Because I see my father. I do see him there. I see him standing outside of that tunnel, in the dark. And I see myself at that moment dipping my beautiful naked child into her bath. I know exactly where they found him. I know the path he walked from the Place. And I know the ripples of water around her small body as she plays. I know the slight gray tinge of daily dirt that falls around her, and rings that bathtub. And I know how he got out. Which nurse had her back turned. Which orderly thought he knew that my father was tucked into bed. And I know the smell of my daughter’s shampoo. The way her ears emerge as her hair rises into lather. I know what my father was wearing, his gray wool pants I mail ordered him last month, a white T-shirt bought by my mother God knows when, no shoes. The last time I saw him, he’d lost so much weight. His food was all poisoned he believed. I know that. The air was growing harder for him to breathe. The air that Allison breathes. I know that he couldn’t breathe her air anymore. I know he was diminishing. I know that she is growing. The nurses were pouring toxins into his room with their words. I know the songs I sing to her as she bathes. The songs she begs me for. He wouldn’t let anyone speak around him. He had forbidden even me to speak. Every word was deadly. Every breath was painful for him.
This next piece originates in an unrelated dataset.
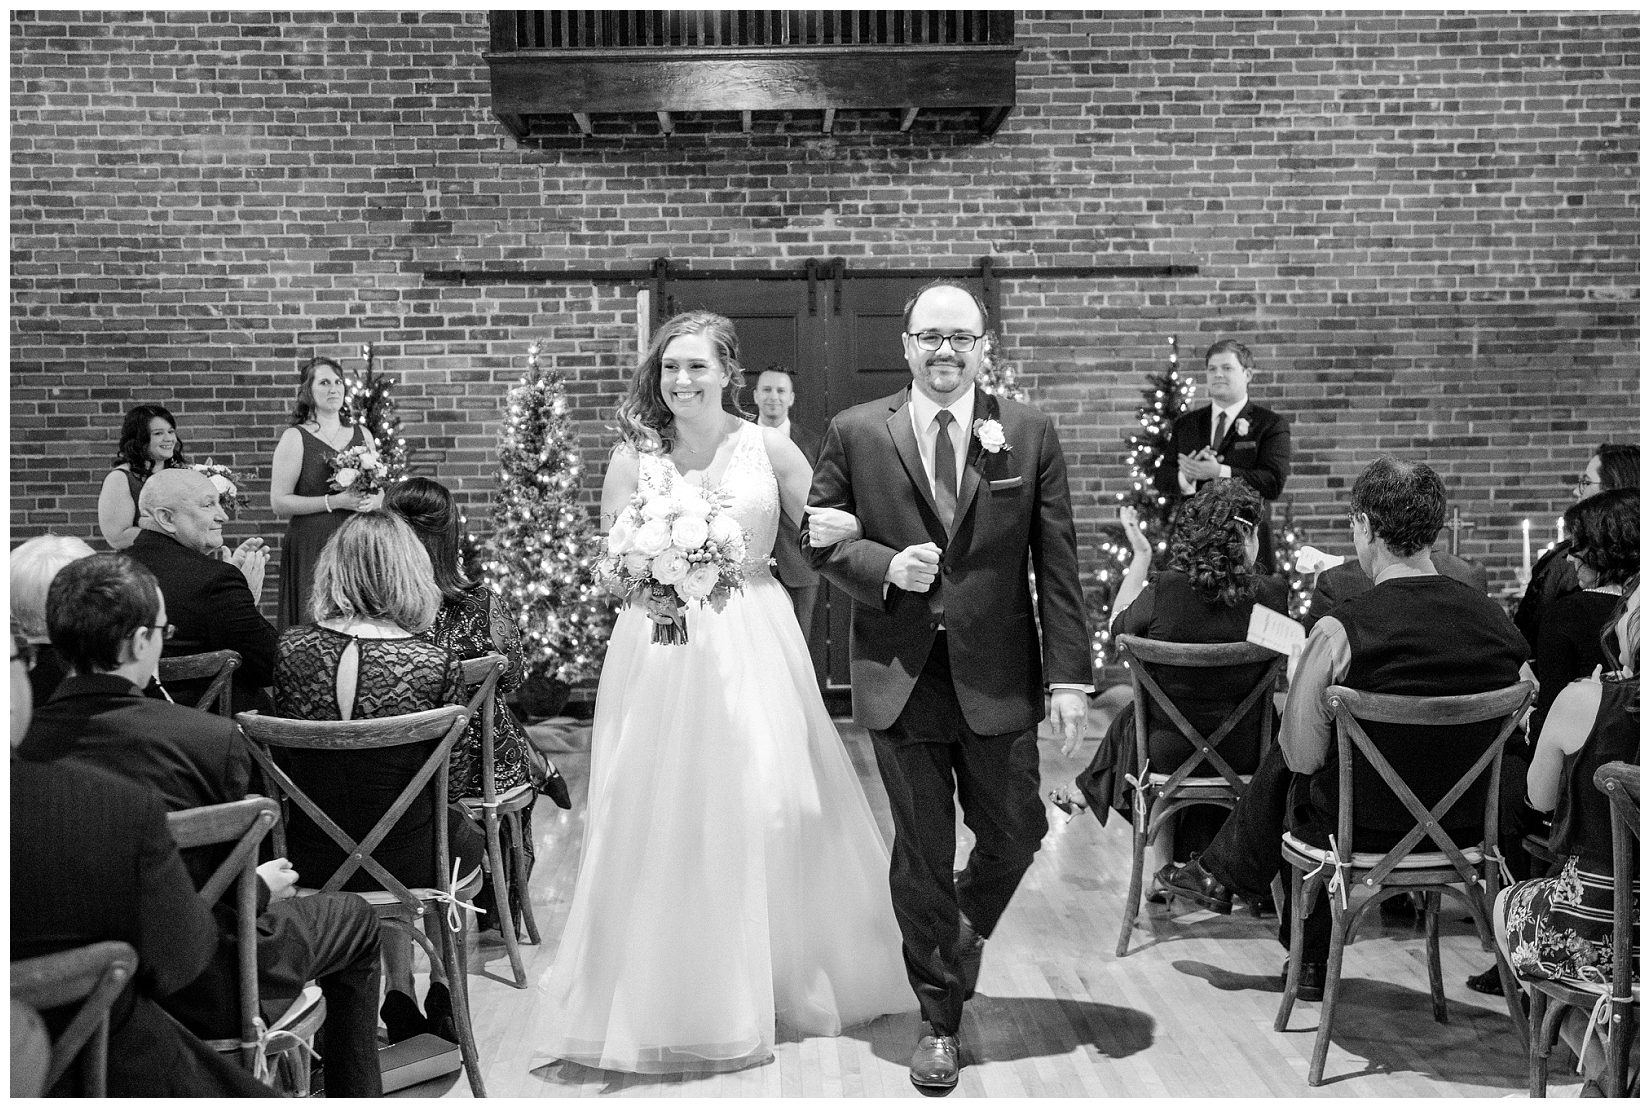 cat-alkire-wedding-photographer-indiana-chicago-indianapolis-fort-wayne_0952.jpg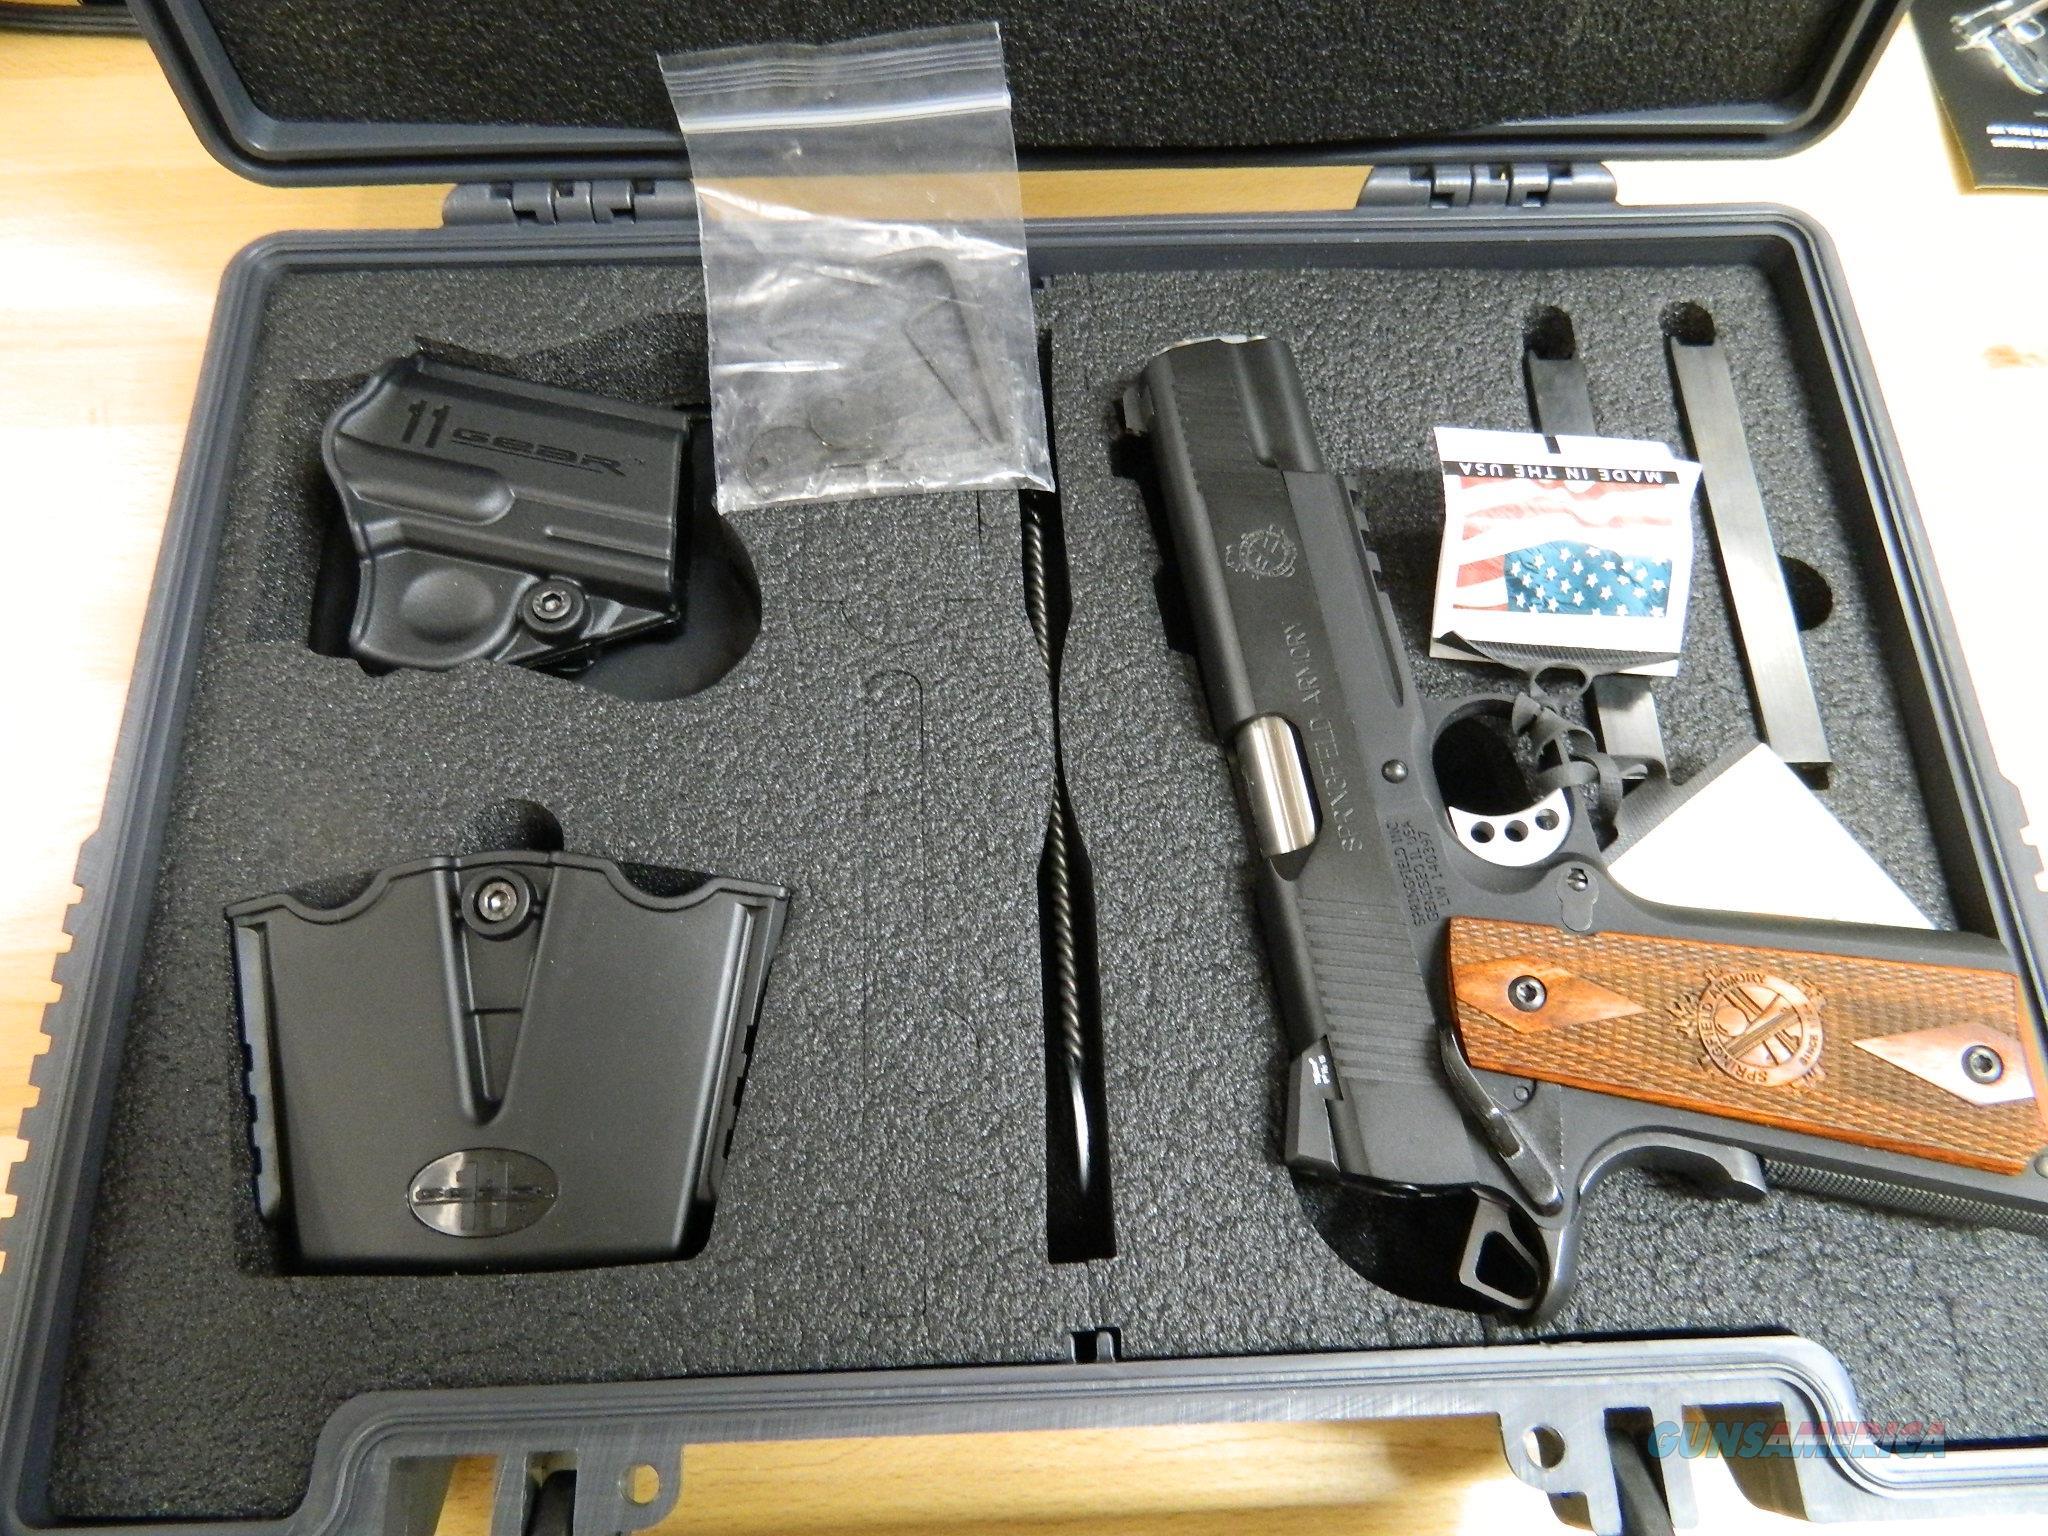 Springfield 1911 Lightweight Operator .45ACP  Guns > Pistols > Springfield Armory Pistols > 1911 Type

There once was a man with a daughter,
Whose electricity ran in her water.
When his body was found,
Her house had lost ground,
But what was the lesson it taught her?
And that is why Harris is right about me. Why Harris, who is always wrong, is right about me.
Because I just think there has to be some connection. I just think there has to be.
And Harris. I mean just look at him. Examine him some time. Look at Harris. Look into his eyes.
He just doesn’t care.
“So what?” I can still hear him say like when we first met. “So what?”
I just think there’s an answer to that. Even if I haven’t found it yet. I just think there has to be. And when I do find it, when I know what that answer is to his “So what?,” Harris no doubt will be somewhere close at hand. Most likely with his face stuck in my fridge. And the first thing I’ll do, just as soon as I understand all this myself, is pull him the hell out of there and explain to him how everything connects.
And then it’ll be Harris in for the surprise of his sad life. Then for once it’ll be Harris getting shocked. Instead of me.